After weeks of dodging rumors, Love Is Blind’s Sara Carton is finally breaking her silence — not with a denial, not with drama, but with honesty. And in doing so, she’s revealing the unexpected, imperfect, and deeply human beginnings of her relationship with Joey Leveille.
“Neither of us were looking for love again — not after everything that happened. We were just two broken people… trying to breathe.”
“It Started With a Check-In. It Turned Into a Lifeline.”
Sara says it all began with a simple message from Joey: “Hey, I know you’re going through it. I’m here if you want to talk.”
“I didn’t respond at first,” she admits. “But then one night, I just… called. I was crying. I didn’t even know what I needed. But he listened. No judgment. No pressure. Just presence.”
Those late-night phone calls became regular. Sometimes silent. Sometimes filled with laughter. Sometimes drenched in old wounds.
“We talked about everything — regrets, mistakes, shame. But the more we talked, the less alone I felt. And I think… so did he.”
From Broken to Brave
Both Sara and Joey were healing from Love Is Blind — from fractured relationships, public pressure, and personal grief.
“We weren’t perfect. We still aren’t. But we were honest with each other in a way we never had been with anyone else,” she says. “There was no pretending.

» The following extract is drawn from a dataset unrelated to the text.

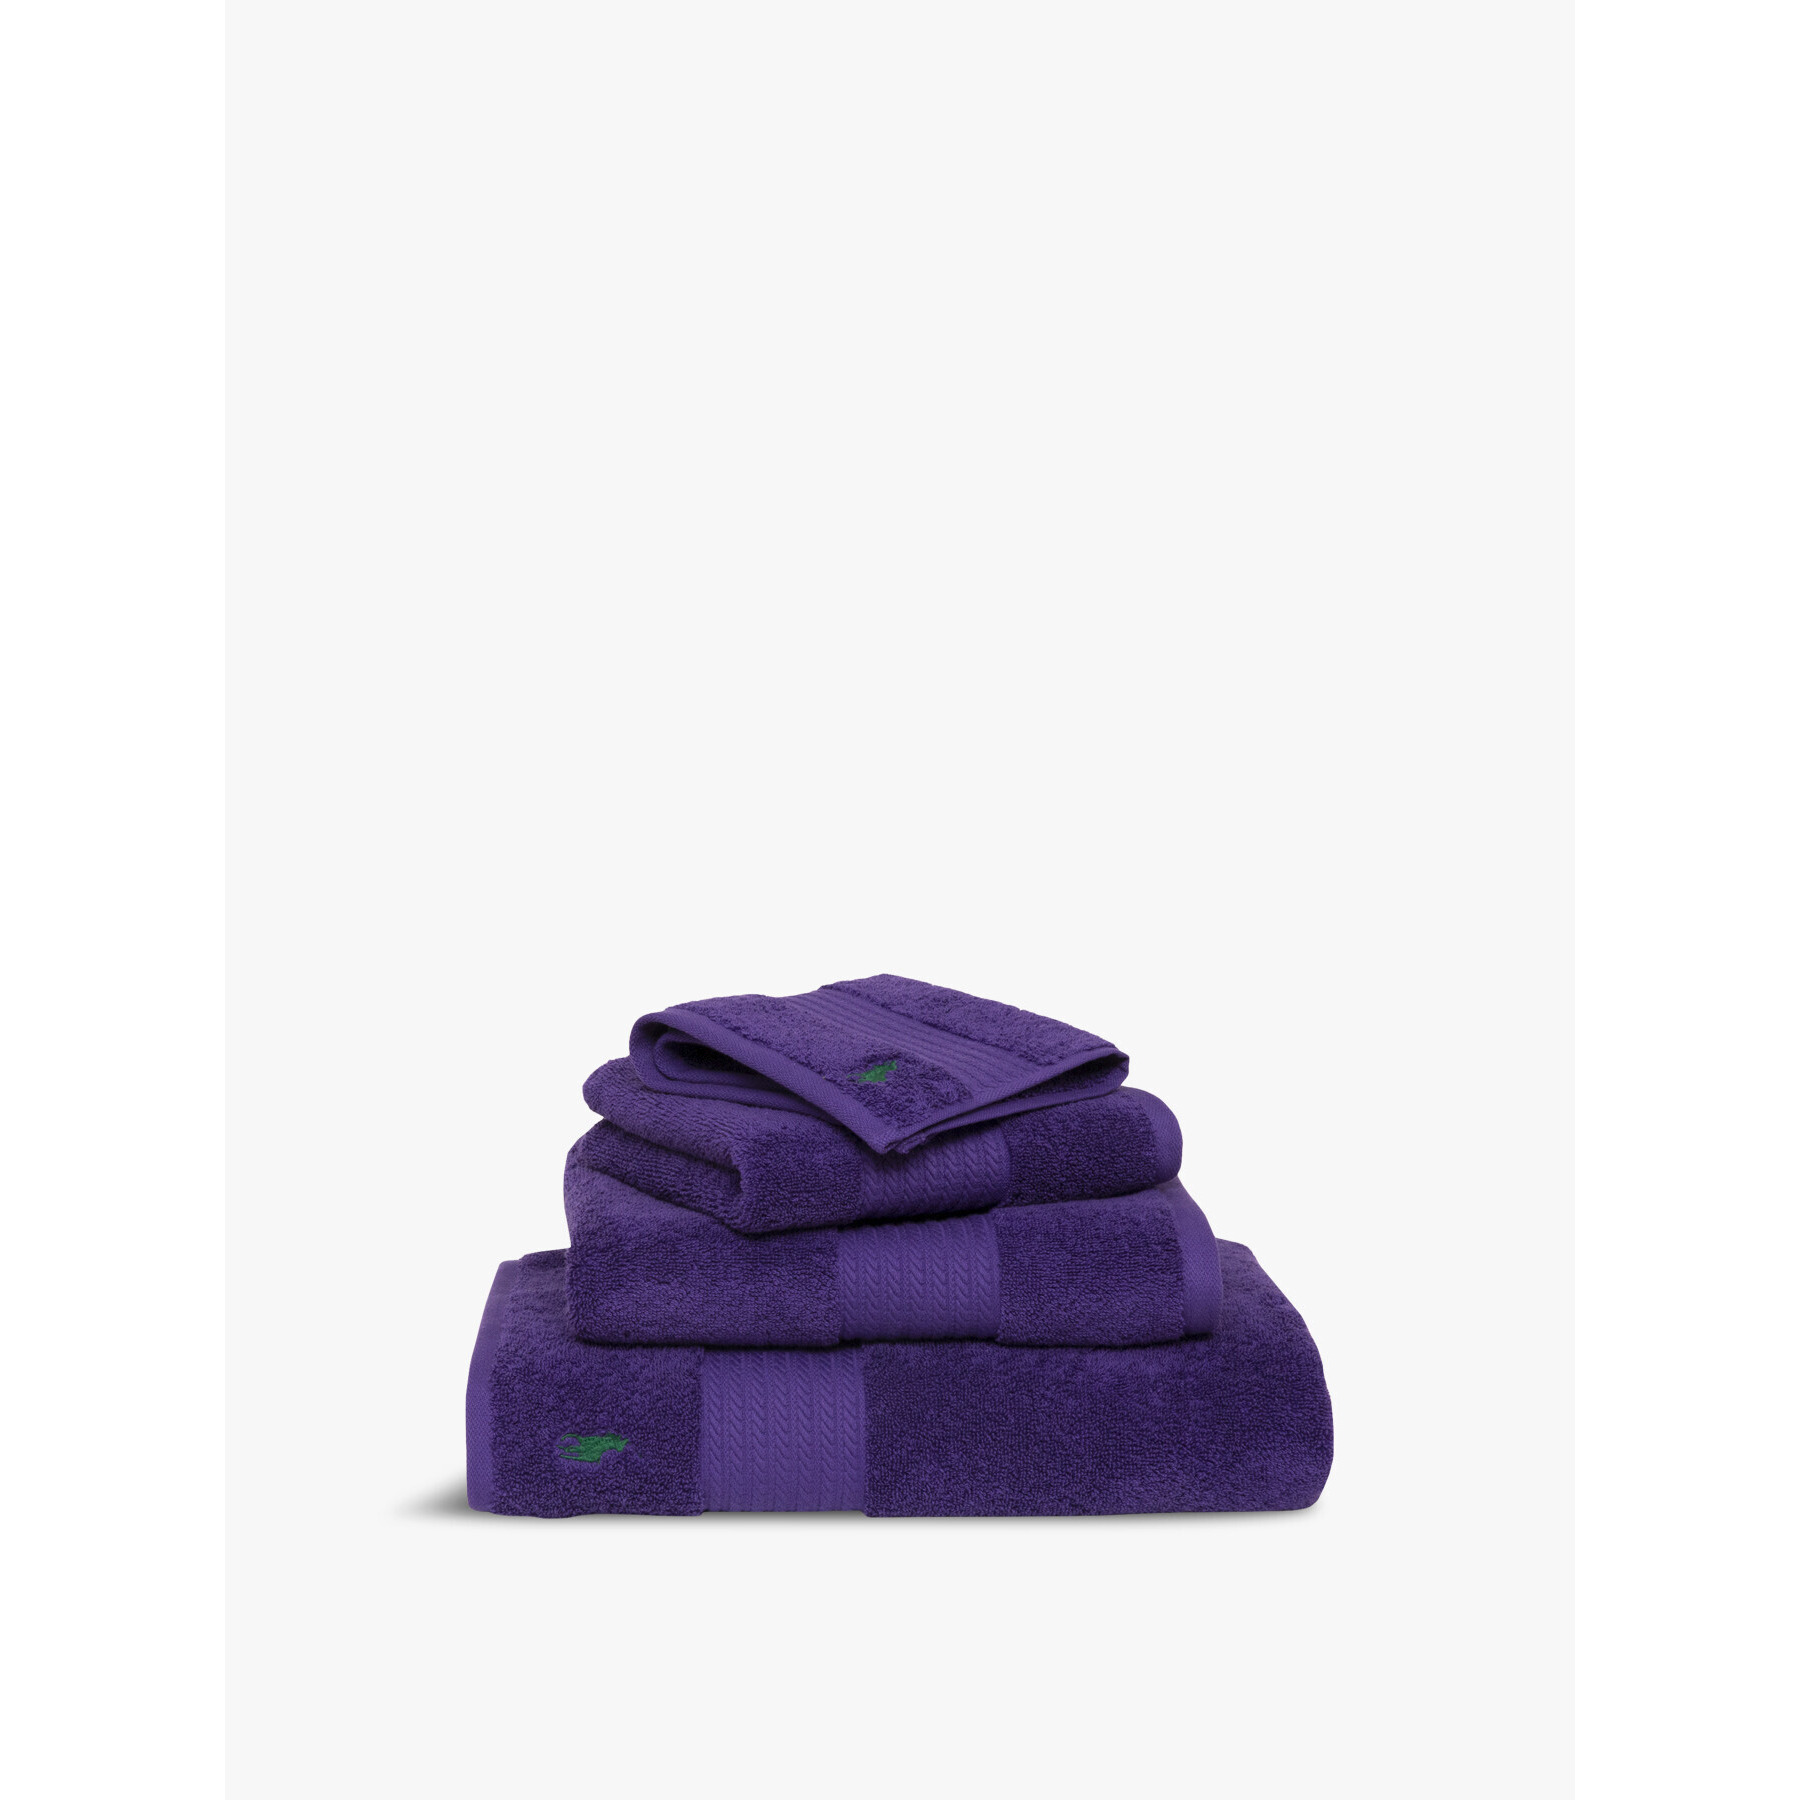 Ralph Lauren Home Player Bath Sheet Purple - image 1

No filters. Just raw, exhausted truth.”
When asked if there was guilt over how things began — especially with fans questioning the timeline — Sara doesn’t flinch:
“Healing doesn’t always follow the rules. It’s messy. It’s confusing. But that doesn’t make it any less real.”
“We Didn’t Plan This. But We Chose It.”
Eventually, the calls turned into coffee. Then dinners. Then nights where neither wanted to leave.
“He made me laugh again — really laugh,” she says. “But more than that, he made me feel like I deserved something good after everything.”
Sara knows not everyone understands. And that’s okay.
“We didn’t fall in love the right way. We fell in love the real way — slowly, painfully, beautifully. Through tears, not roses.”